Login

« PRODUIRE BEAUCOUP DE LAIT PAR VACHE ET PAR HECTARE »

Afin d'accéder aux pâtures sans traverser la route, le Gaec a construit, en 2009, ce bâtiment de 115 logettes et 105 places de cornadis. La ration est distribuée le soir pour que les vaches valorisent bien l'herbe en journée.©C.H.

À surface égale, Bernadette et Guillaume Touroul ont quasi doublé leur production en cinq ans. Ils ont réduit le blé, l'atelier de jeunes bovins et le gaspillage fourrager. Ils ont misé sur l'intensification animale.

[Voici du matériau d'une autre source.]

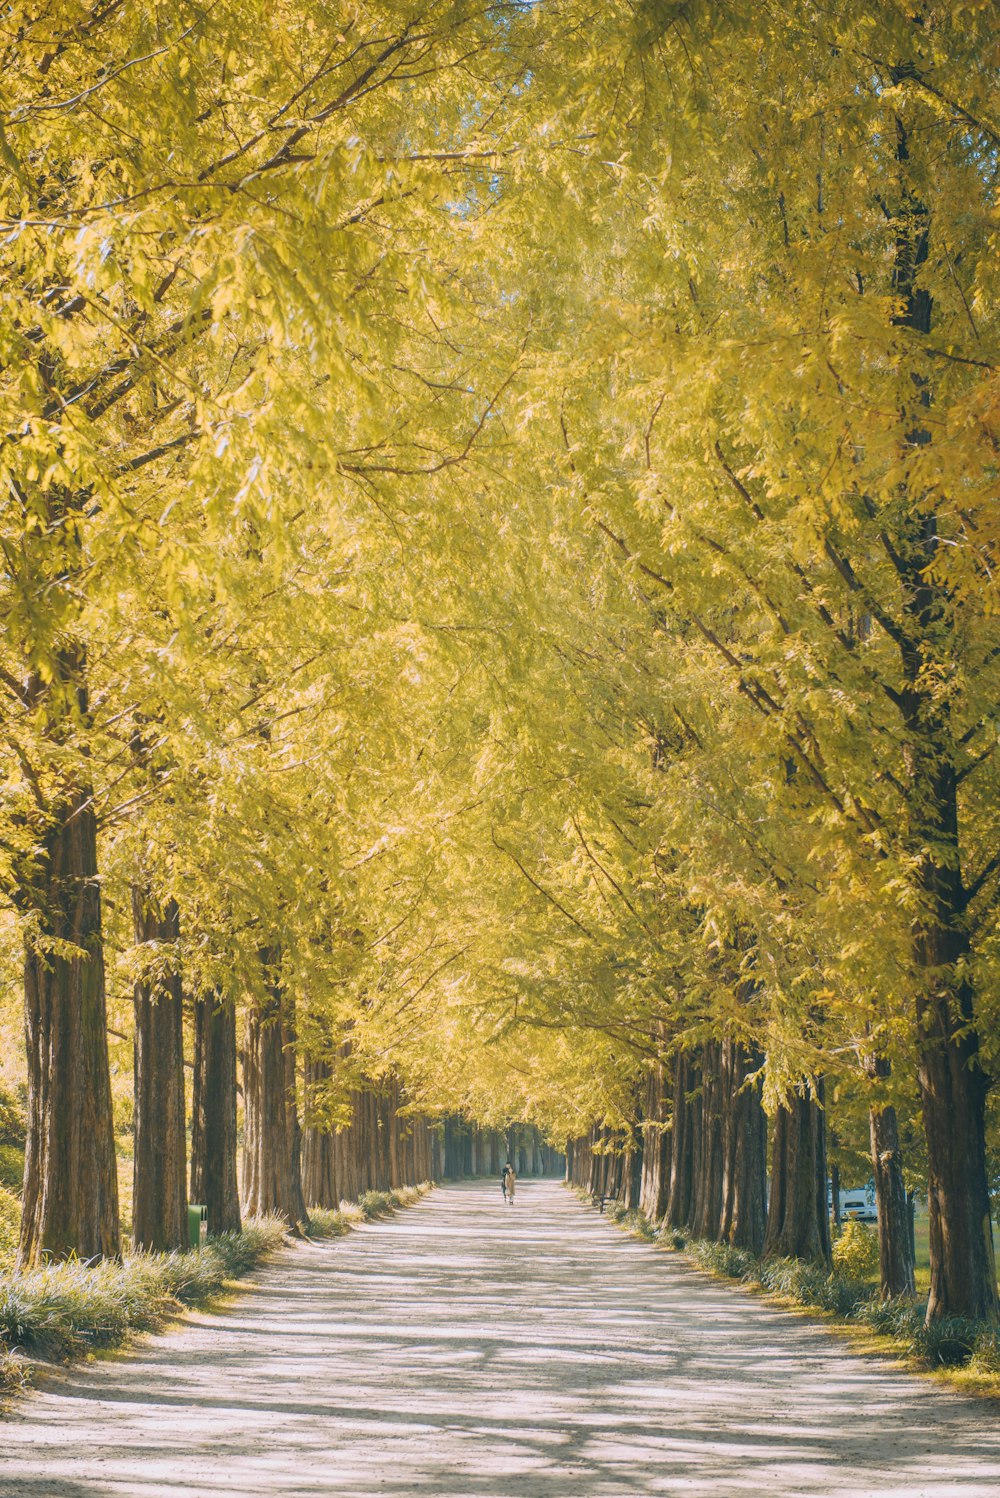 pathway in middle of yellow petaled trees

Vous devez vous inscrire pour consulter librement tous les articles.

PRODUIRE DU LAIT, C'EST LE PARI QUE FAIT LE GAEC LE BOCAGE, et ceci depuis 2009. Cette année-là, il met en service une stabulation de 115 logettes et une salle de traite à l'arrière 2 x 10 postes, mais équipée en 2 x 6. L'investissement est décidé en 2007 alors que le troupeau compte 60 à 70 vaches pour 550 000 à 600 000 litres. « Nous sommes éleveurs laitiers dans l'âme. Nous produisions les rallonges de quotas, voire avec un peu de dépassement, et nous vendions régulièrement une vingtaine de vaches en lait », se souvient Guillaume Touroul, installé en Gaec avec ses parents, Bernadette et Daniel, en 2003. Daniel est parti à la retraite sept ans plus tard (mais reste actif). Certes, ils auraient pu agrandir la stabulation paillée existante. Ils préfèrent la construire en face, de l'autre côté de la route, pour pérenniser le pâturage, entre autres. « Il fallait être systématiquement deux pour la traversée des vaches. » Une nurserie de 70 places adossée à la stabulation permet d'élever tous les veaux et de fournir l'atelier taurillons. Le coût total de l'investissement s'élève à 500 000 €.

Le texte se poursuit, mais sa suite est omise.